IT PASSPORT
ITパスポートの問題解説
問題
ソフトウェア開発の委託に関する次の説明のうち、知的財産権の扱いとして最も適切なものはどれか。
- ア 委託契約を結べば、著作権は契約の有無にかかわらず自動的にすべて委託元(発注者)のものになる。
- イ 委託先(受託した開発会社)が作成したプログラムの著作権は、特約がなければ原則として実際に開発した受託側に帰属する。
- ウ オープンソースソフトウェア(OSS)には著作権が存在しないため、改変や再配布は完全に自由である。
- エ 市販ソフトウェアを購入すると、利用者はそのプログラムの著作権そのものを取得する。

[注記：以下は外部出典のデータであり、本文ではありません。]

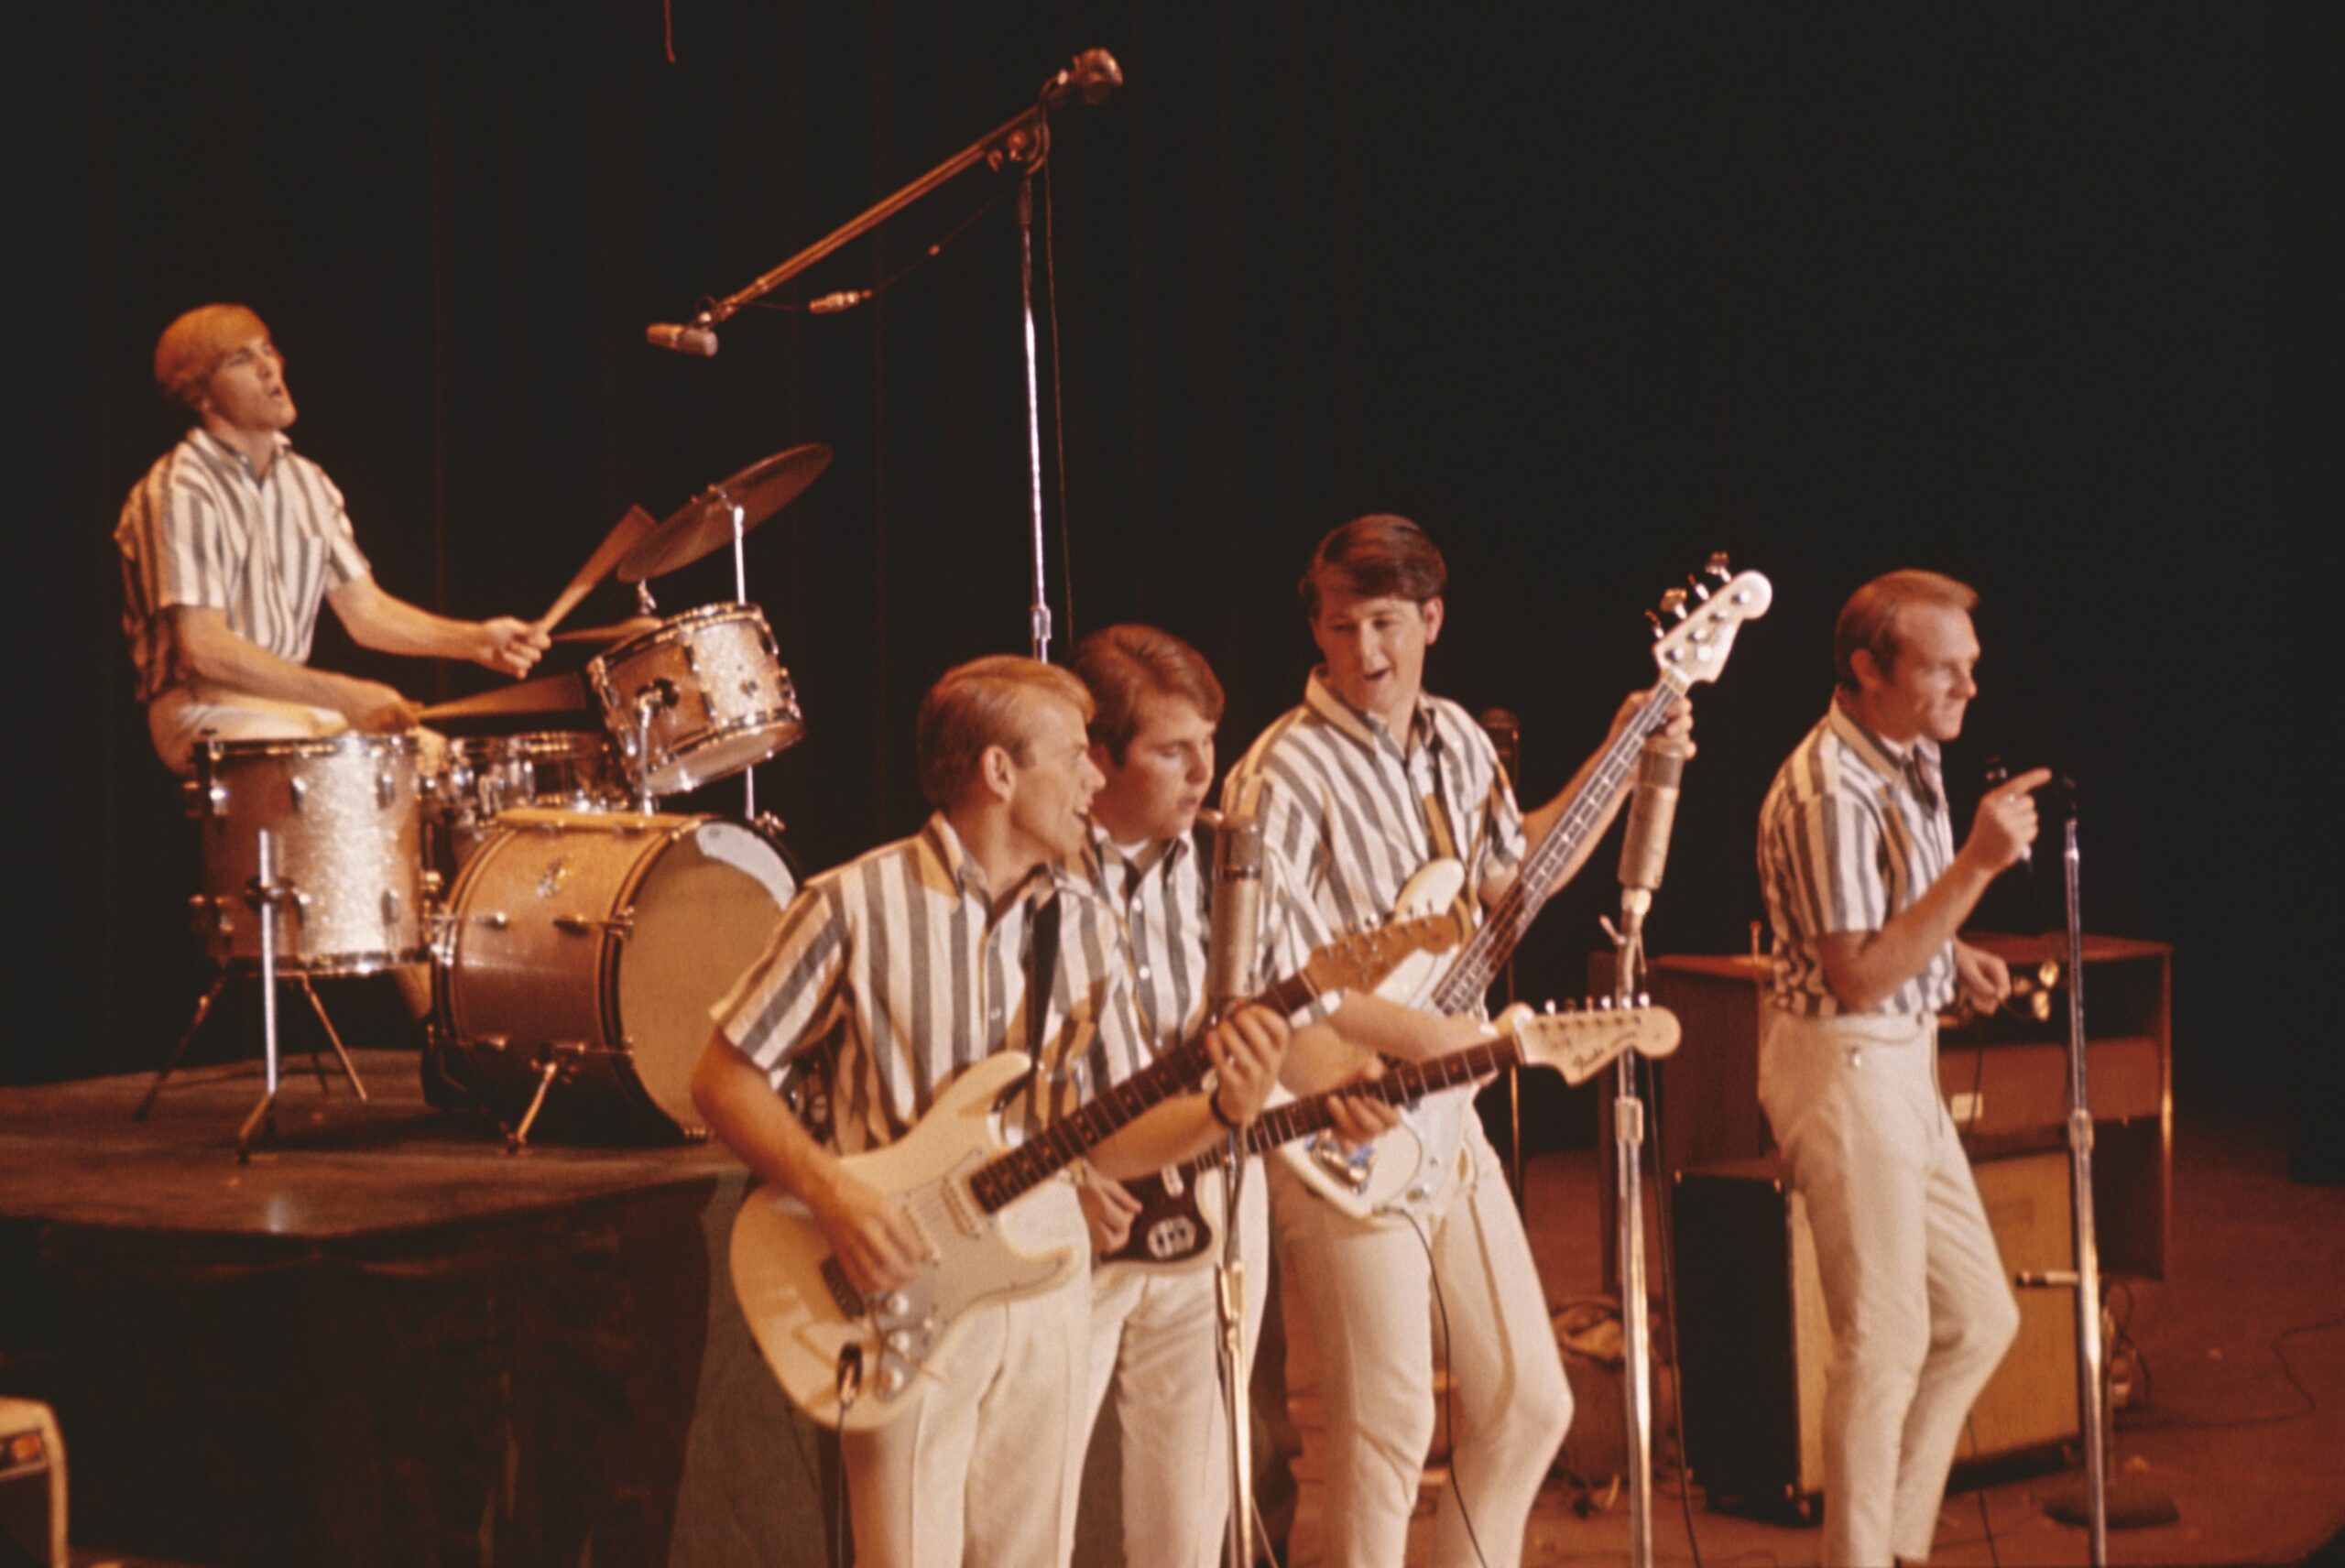 Rock and roll band The Beach Boys perform onstage in circa 1964 in California. (L-R) Dennis Wilson, Al Jardine, Carl Wilson, Brian Wilson, Mike Love.

出典:オリジナル問題|参考範囲:IPA ITパスポート試験シラバス(最新版)、情報処理技術者試験の基礎知識
正解と解説
正解:委託先(受託した開発会社)が作成したプログラムの著作権は、特約がなければ原則として実際に開発した受託側に帰属する。
解説:著作権は「創作した人(会社)」に発生するのが基本です。そのため、お金を払って開発を委託しても、それだけで発注者に著作権が移るわけではありません。発注者が著作権を持ちたい場合は、契約書で「著作権は委託元に譲渡する」と明記しておく必要があります。トラブルを避けるため、開発委託では権利の帰属を契約で定めるのが実務上の鉄則です。なお、OSSにも著作権はあり、ライセンス条件の範囲で利用が許されているだけです。市販ソフトの購入も、使用を許される(ライセンス)にとどまり、著作権の取得ではありません。
覚え方:「作った人に権利あり。発注者が欲しければ契約で譲渡を明記」と覚えましょう。OSSも市販ソフトも、得られるのは『使う権利』であって『著作権そのもの』ではない点に注意です。
他の選択肢はなぜ違う?
- ア著作権は創作した側に発生するのが原則で、発注しただけで自動的に発注者へ移るわけではありません。発注者に帰属させるには契約で著作権譲渡を定める必要があるため誤りです。
- ウOSSにも著作権は存在します。著作権者が定めたライセンス(利用条件)に従う限り改変・再配布が許されるのであって、「著作権がない・完全に自由」というのは誤りです。
- エ市販ソフトを購入して得られるのは、利用許諾(ライセンス)に基づく使用権であり、著作権そのものを取得するわけではありません。
この問題について
IPAのITパスポート試験シラバスとIT基礎知識を参考に、Sikaku Master向けに独自作成した問題です。公式試験問題・過去問題の転載ではありません。
IPAの過去問題の転載ではなく、シラバス・公開情報に基づく独自問題として作成しています。